I just wanted to see the scenery, I could care less about dead fish


----------



## spendit (Dec 19, 2002)

Hello Curious if you actually carried fish back on the plane with ya?


----------



## Northernfisher (Jul 29, 2010)

spendit said:


> Hello Curious if you actually carried fish back on the plane with ya?



Yes I did. I was careful to only use one carry on bag so I had my checked bags for fish.

The funny part is that after fighting to get everything into one carry on they bumped me to first class so I had THREE check bags for free on the way home. (I kept both of our catches and still went to the fish market to top off a 50 pound box with salmon filets and king crab).

I would not suggest this trip to anyone from Michigan.

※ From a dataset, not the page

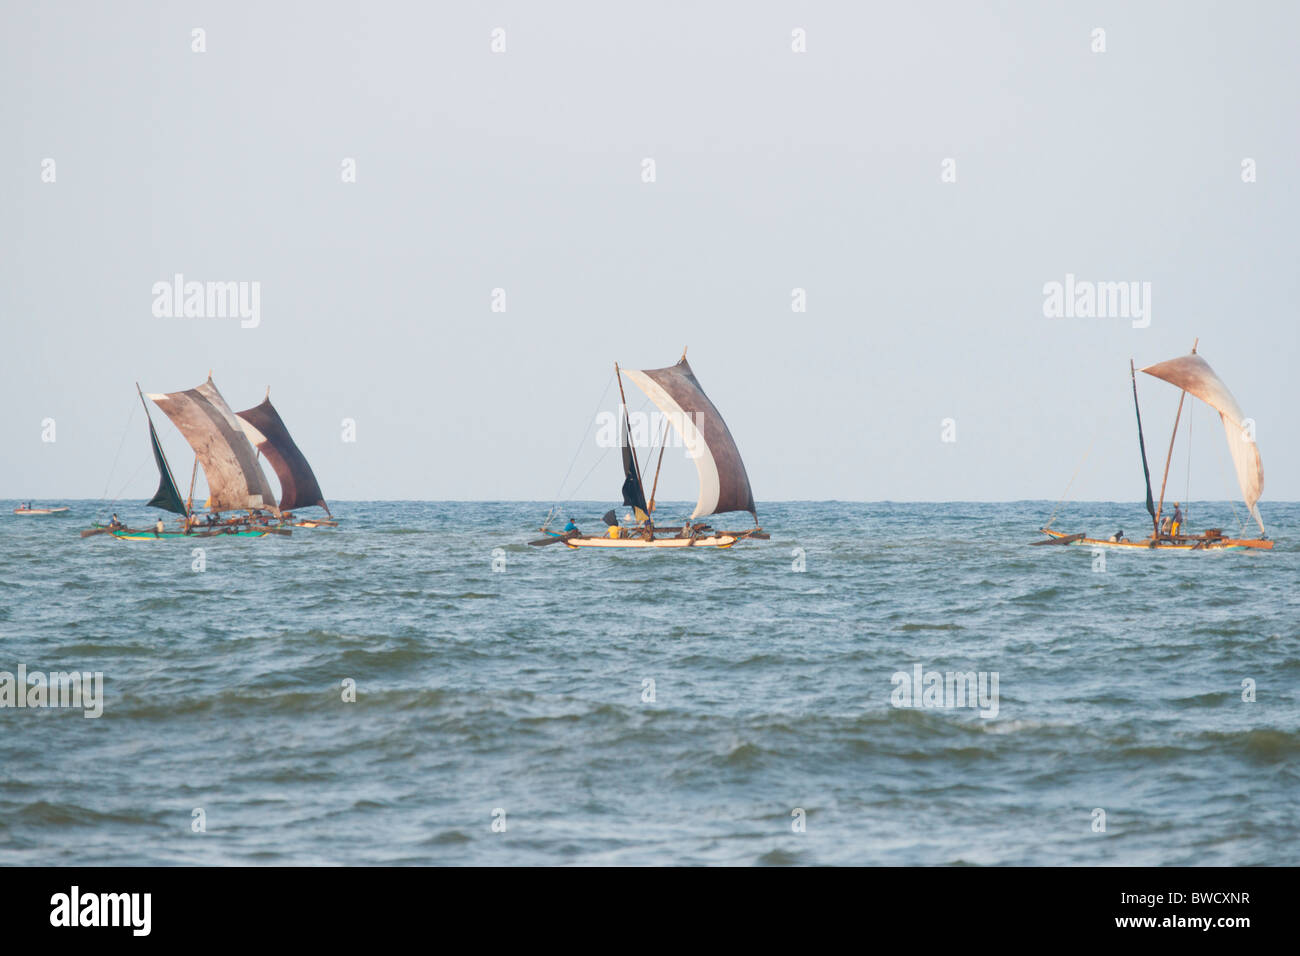 Traditional fishing vessels sailing on the Indian Ocean, Sri lanka Stock Photo

Our salmon fishery is just to good and halibut fishing is just plain work.

If you are going to do this you might want to see what first class cost on the way home. It might save you money on paying for the extra check bags.

If you want pictures just take one yourself of an empty cooler. You will be close.


----------



## Abel (Feb 14, 2003)

I take it you went to SE, Sitka, POW or Ketchikan? They are always very restrictive with their non-resident limits. Here in Kodiak, only restriction we have is on halibut which is a NOAA controlled, and trust me, they are worse at fisheries management than they are at the weather. Kings here, 2/day all year, rockfish-5 a day, lincod, 2 a day most of the year (closed for spawning season), halibut 2/day04 annual). Halibut fishing here is WAY different, I rarely fish more than 8oz or lead and deeper than about 140'. Heck we pulled them on 7' ugly sticks and 15lb mono this weekend up to 30lbs while fishing rockfish.


----------



## Northernfisher (Jul 29, 2010)

Abel said:


> I take it you went to SE, Sitka, POW or Ketchikan? They are always very restrictive with their non-resident limits. Here in Kodiak, only restriction we have is on halibut which is a NOAA controlled, and trust me, they are worse at fisheries management than they are at the weather. Kings here, 2/day all year, rockfish-5 a day, lincod, 2 a day most of the year (closed for spawning season), halibut 2/day04 annual). Halibut fishing here is WAY different, I rarely fish more than 8oz or lead and deeper than about 140'. Heck we pulled them on 7' ugly sticks and 15lb mono this weekend up to 30lbs while fishing rockfish.


Sitka; they, (Kingfisher Fishing Lodge), told us the Sitka was the only part of the state that had any sport fishing for kings *this* spring. I did not check to see if what they told us was correct.


----------



## Abel (Feb 14, 2003)

Ya, that was wrong, maybe for SE it was correct. Kings were tuff here, which is crazy as I've usually put 2-300 in the boat by June 15th with a number for 50lb fish by now. I'm one of the only guys getting kings in the town of Kodiak now in any numbers, but it's a long run, 70miles to the north or 30miles south, I'm the only guy that can make the speed economically to make that 70 run. I still need a weather window to make that run however... Old Harbor has some nice fish showing up now so they are starting to show. There's some strange stuff going on in the N. pacific the last few years and I think that warm water we have has either driven the fish north or real deep off shore to find cold water, but that's just my thought. Homer has been killing kings all winter, but hatchery fish that are PNW bound, all 5-15lb cookie cutter, 20lbs is big. But for bottom fishing they are fighting those massive currents and it is work and no fun at all.


----------